Отец, человек проницательный, даже без моего рассказа о том, зачем парень подруги звонил мне с извинениями, по моим трясущимся рукам и эмоциям утопающего понял, что тут правда и целомудрие со мной в паре.

Отец улыбнулся и пододвинул мне тарелку с чудушками.

ЩябIику [Cадись], — ласково произнес он.

На этом наш разговор и завершился (что вы знаете о разговорах дочерей с отцами в кавказских семьях того времени!).

Как видите, я человек-живчик, у меня все еще есть нервные клетки.

А с тех пор у бездны между отцом и мной начались строительные работы по возведению моста. А лет через пять ее вовсе начали засыпать землей.

Беллиссимо билалоне

У моих родителей был старинный друг из горного селения Цыйша. Его звали Билал.

В детстве я всегда думала, что он лакский Рокки, потому что очень был похож на Сталлоне. Только дядя Билал был значительно больше.

Одной рукой он протягивал нам, детям девяностых, три огромных рожка с мороженым. Стоит ли говорить, что дядю Билала мы любили.

Он работал дальнобойщиком и, как любой дагестанец (а тем более лакец) того времени, проезжая через Москву, заглядывал к моим родителям.

Кожа его всегда имела бронзовый оттенок, а волоокий взгляд немного придавливал к земле.

Однажды в начале осени в те лихие времена он приехал к нам глубокой ночью. Его КамАЗ устало пыхтел под окнами, кузов весь покрылся пылью и расплющенными мошками.

Тем не менее еще более уставший дядя Билал не спешил заходить в нашу кирпичную саклю, а буквально сразу вышел с отцом снова на улицу.

Засыпая, я слышала ускользающий разговор на лакском:

Наби, я барана вам привез, но дорога сложная получилась, баран тяжело ее перенес. Надо срочно его зарезать, иначе он еще помрет до утра, — озабоченно говорил дядя Билал.

Хорошо, не беспокойся, сейчас сделаем. Спасибо, — ответил отец.

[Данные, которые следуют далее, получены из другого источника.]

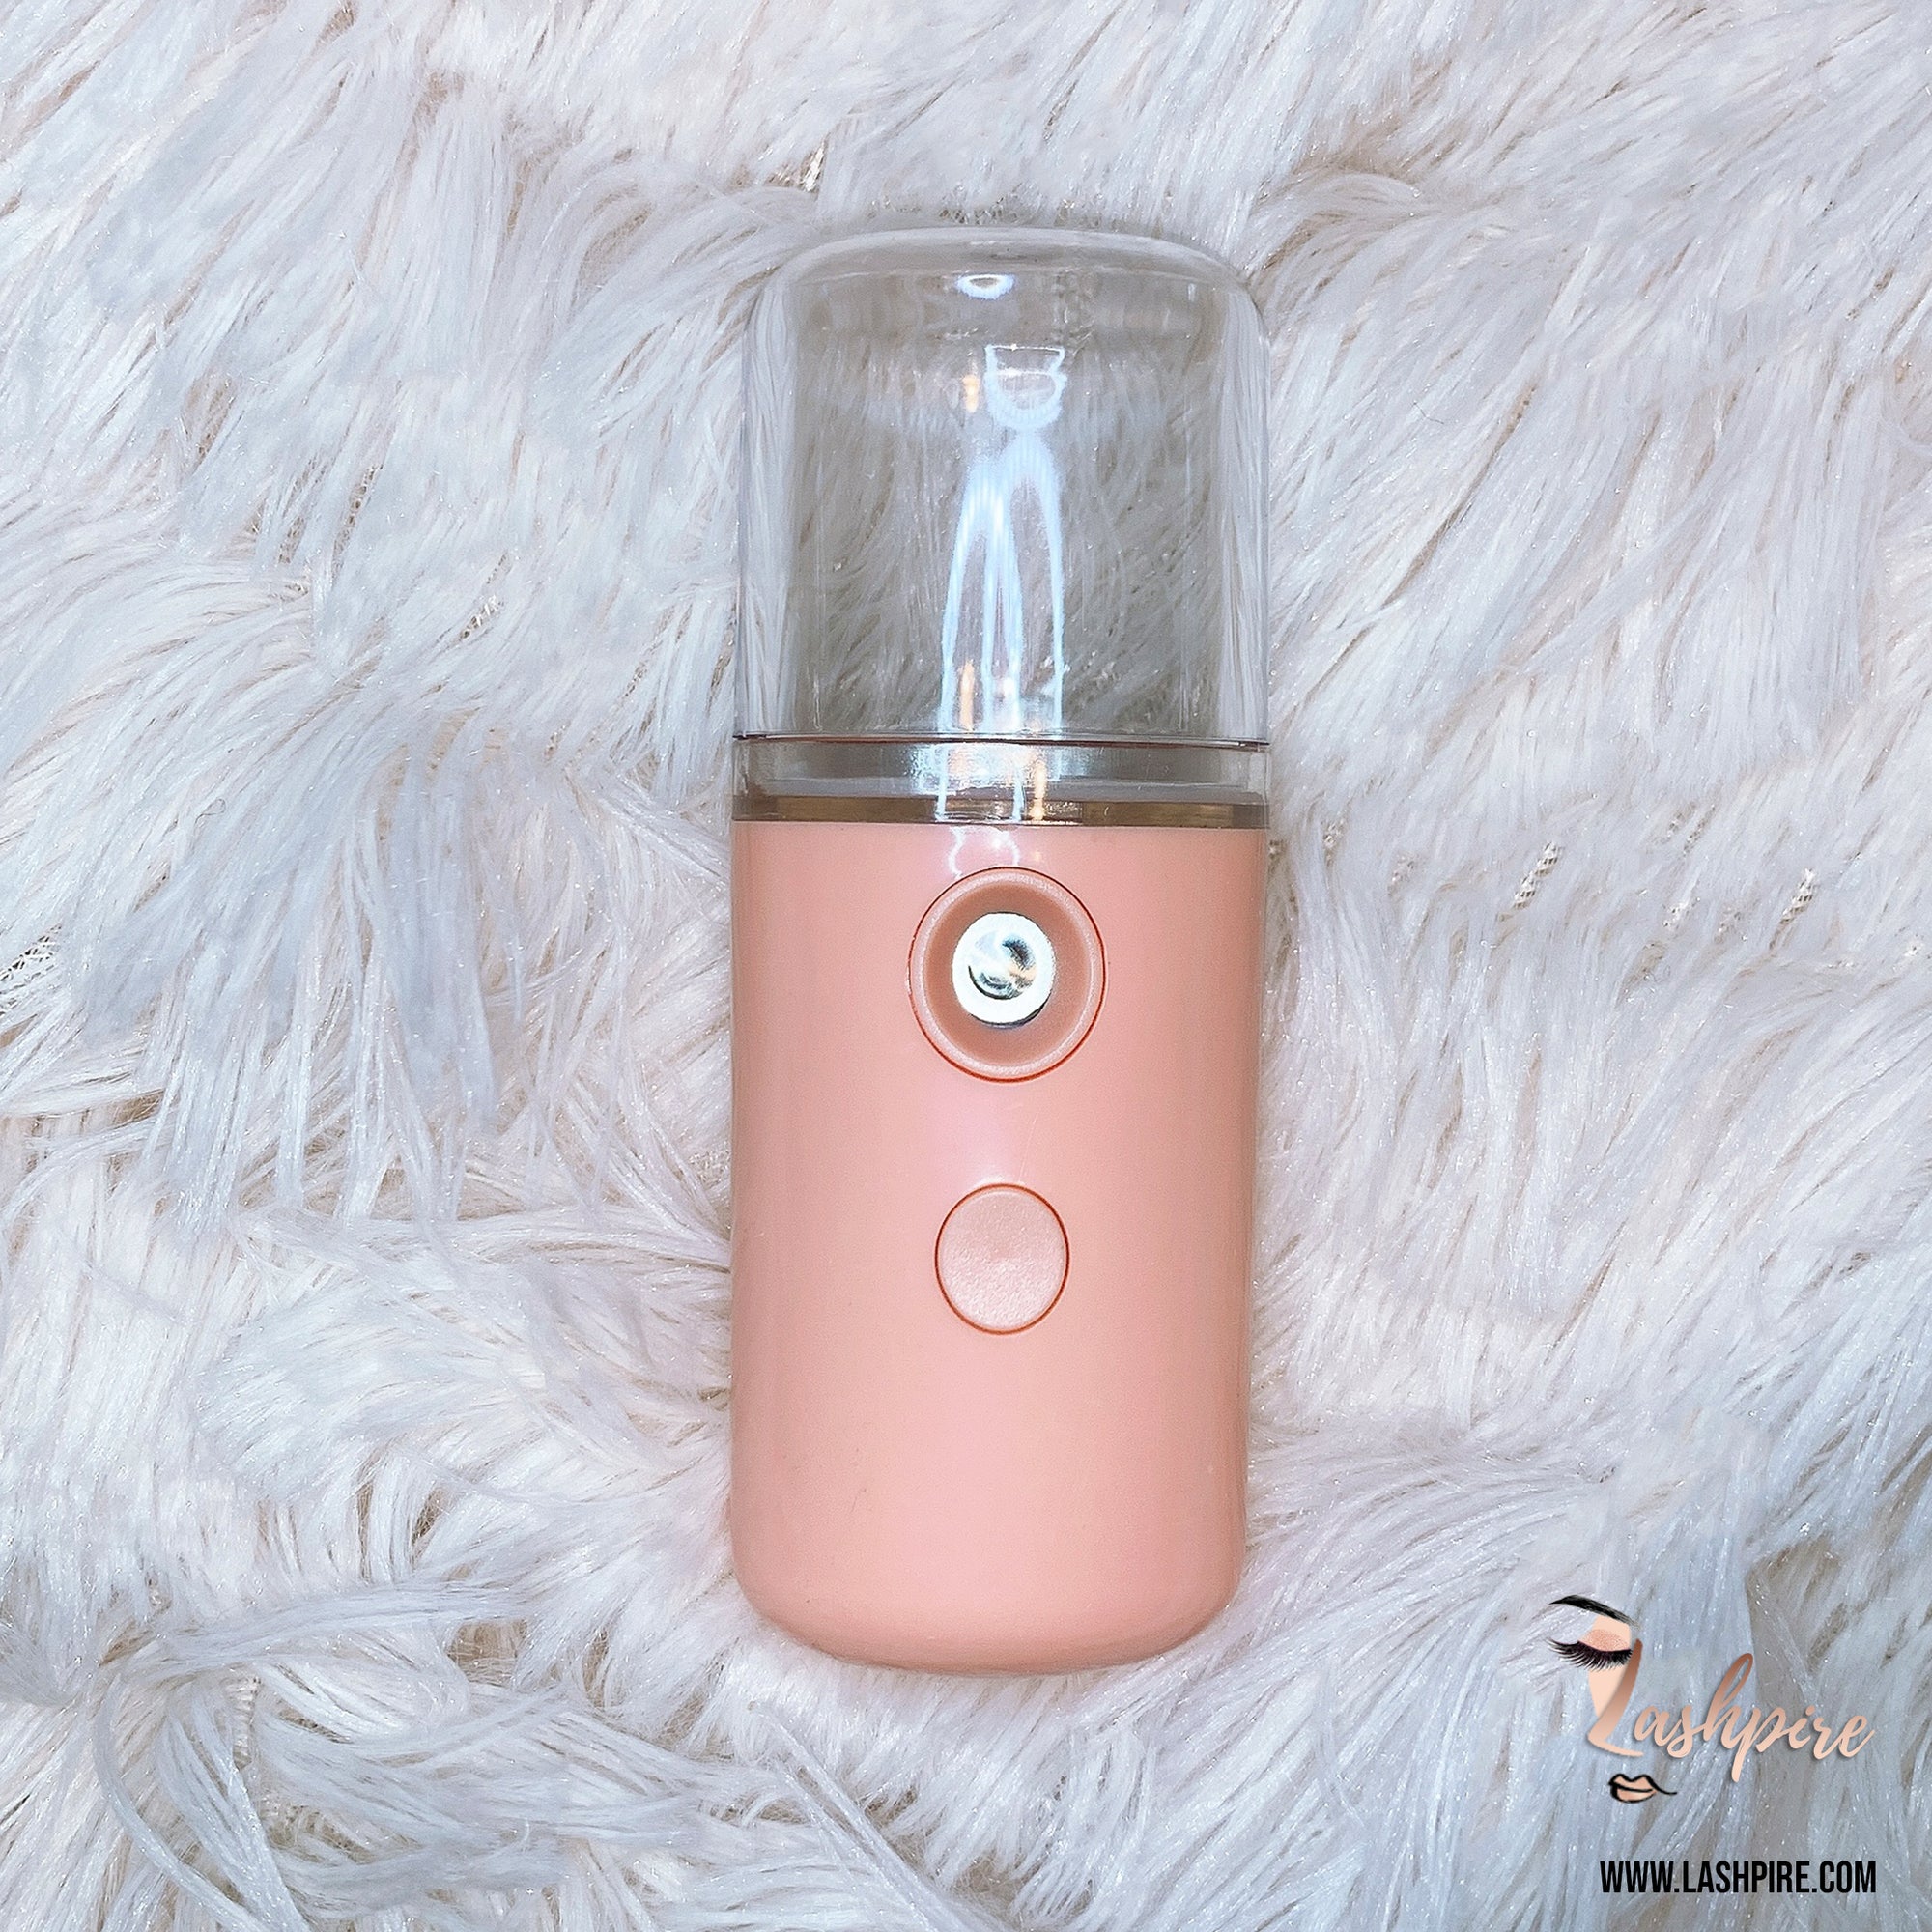 Electronic Nanomister Atomizer Humidifier Handy Facial Sprayer - Pink - Lashpire

А жили мы тогда на самом краю города Дзержинского. Наш городок был вплотную прилеплен к Москве, но он всегда сохранял свою атмосферу тишины и таинства. За нашим многоквартирным домом сталинских времен был огромный лесной двор, который в своей глубине упирался в забор с колючей проволокой. За забором было секретное предприятие, откуда иногда доносились странные, очень громкие и протяжные звуки. Посторонние люди не появлялись рядом с нашим домом. А зачем? Ведь даже продуктового магазина в нем не было.

Двор у нас был настолько большой и дремучий, что там среди прочих зарослей росли вишневые деревья, кусты малины, земляника и грибы.

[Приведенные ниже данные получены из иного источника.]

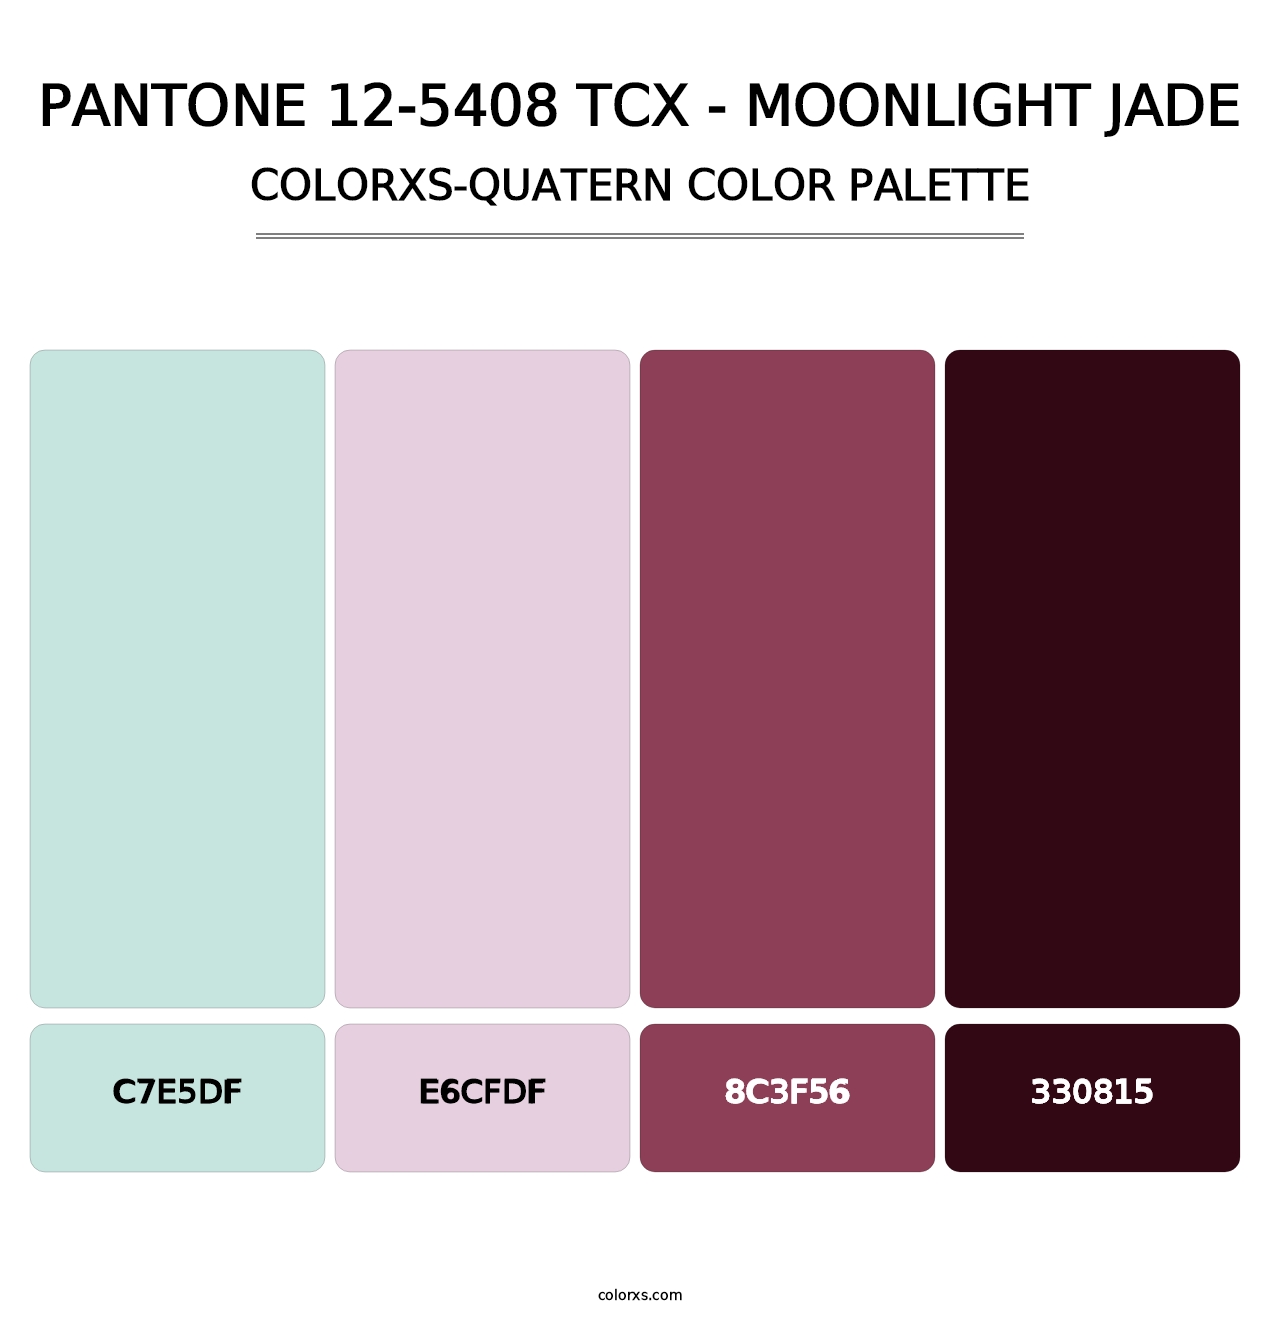 PANTONE 12-5408 TCX - Moonlight Jade - Colorxs Quatern Palette

Там на неведомых дорожках мы плавили свинец цветной, там в чаще люки были просто прикрыты досочкой одной.

На самом деле канализационные люки были открыты.

Какие-то вели в просторную сухую яму, где обычно водились дворовые щенки, которым мы носили еду. А в каких-то плескался кипяток, которым мы заливали горки зимой.

Мы голыми руками вытаскивали стекловату из труб, что шли над землей, и ели сосульки, что свисали с этих труб зимой.

В общем, съемки программы «Остаться в живых» проводили не в том месте, друзья, ой не в том.

Но вернемся к нашему барану.

Дядя Билал понес кучерявого вглубь двора, а отец подогнал как можно ближе свою «комби», чтобы осветить последний час барашка фарами.

Фонарей во дворе не было, смартфонов с фонариком, само собой, тоже.

В общем, барашка зарезали, мясо занесли домой, ненужные остатки закопали там же, где резали, — в дремучей глубине зарослей.

Началась рубка на кухне. И тут через десять минут в дверь позвонили. Два часа ночи. В воздухе повисла тишина и недоумение. К двери пошел мой отец, пытаясь оттереть руки от крови по пути.

А в дверь, как оказалось, звонил молодой милиционер.

Доброй ночи. Жалоба поступила, что вы тут во дворе человека расчленили и закопали, — сказал молодой мужчина, покосившись на руки отца.

Отец начал смеяться, а в прихожей появилась мощная фигура дяди Билала.

Милиционер радости не разделил и сделал шаг назад.

Он был уже на все готов, но вышла мама на отцовский зов.

Милиционеру все объяснили. Однако он был служителем что надо, поэтому пришлось мужчинам пойти с ним во двор, раскопать копыта с рогами и показать, что кавказцы ночью черта убивали, а не человека.

Предложили милиционеру коньяк за храбрость, запаковали с собой кусок свежего мяса и отправили домой рассказывать своим, что за дивные люди живут в славном городе Дзержинском.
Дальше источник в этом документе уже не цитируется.